2019 will see an increase in intelligent tools to detect cyber attacks
AI, machine learning and cognitive analytics will all play an increasing role – tools that work together to join the dots and get a better insight into whether an organisation might be under attack. Machines have the ability to process and analyse huge volumes of structured and unstructured data and to identify subtle changes and abnormalities, and detect patterns and differences to spot which traffic is not normal.
Predictive analytics analyses huge volumes of past data to understand patterns and provide insights into where cyber threats are coming from, the probability of them happening and their level of severity.
By using predictive cyber tools and adapting your business, there’s a good chance that you’re already mitigated before a cyber-attack has happened, because you’ll see the patterns developing. These insights help target the activities of ‘Threat Hunters’ working proactively in tandem with monitoring and detection teams.
People culture and awareness
Attackers will always seek to exploit the weakest link – often that weakness is people. How tempting is an attachment labelled “Payroll List.xls”? Technology must not be seen as the sole defence. For example, training and awareness can reduce the risks posed by phishing and its malicious payload.

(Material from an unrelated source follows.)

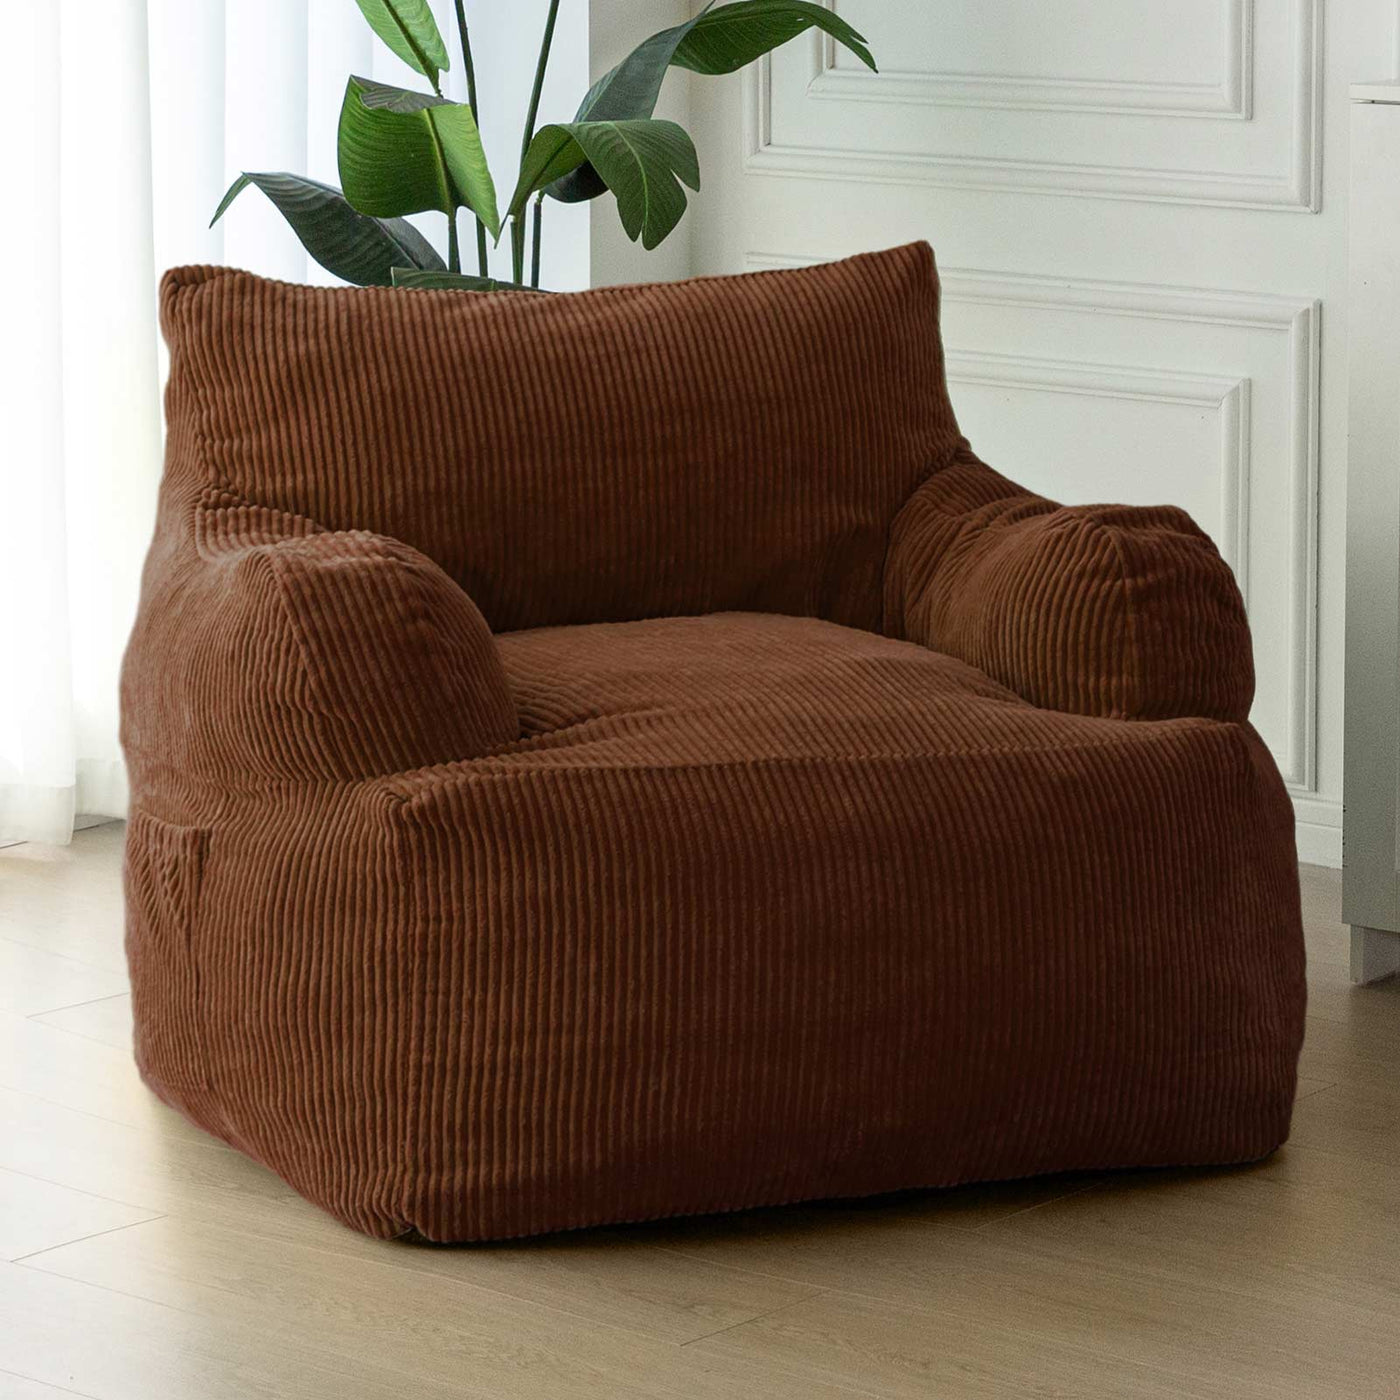 MAXYOYO Giant Bean Bag Chair, Stuffed Bean Bag Couch for Living Room, Coffee

The use of encryption will continue to rise
And the increase in use of encrypted traffic could be a particular issue for the public sector. While solutions and services exist that can decrypt, inspect and process encrypted traffic, privacy-related regulations and/or self-defined policies have traditionally led the public sector to adopt a ‘do not decrypt’ mandate. If 60% – and growing – of internet traffic is encrypted, the blind spot is getting bigger all the time, this will likely need to change.
The public sector will need solutions that can deal with encrypted traffic at scale and with suitable control and granularity to enable opt in/out flexibility to specific organisations, departments, systems or even users.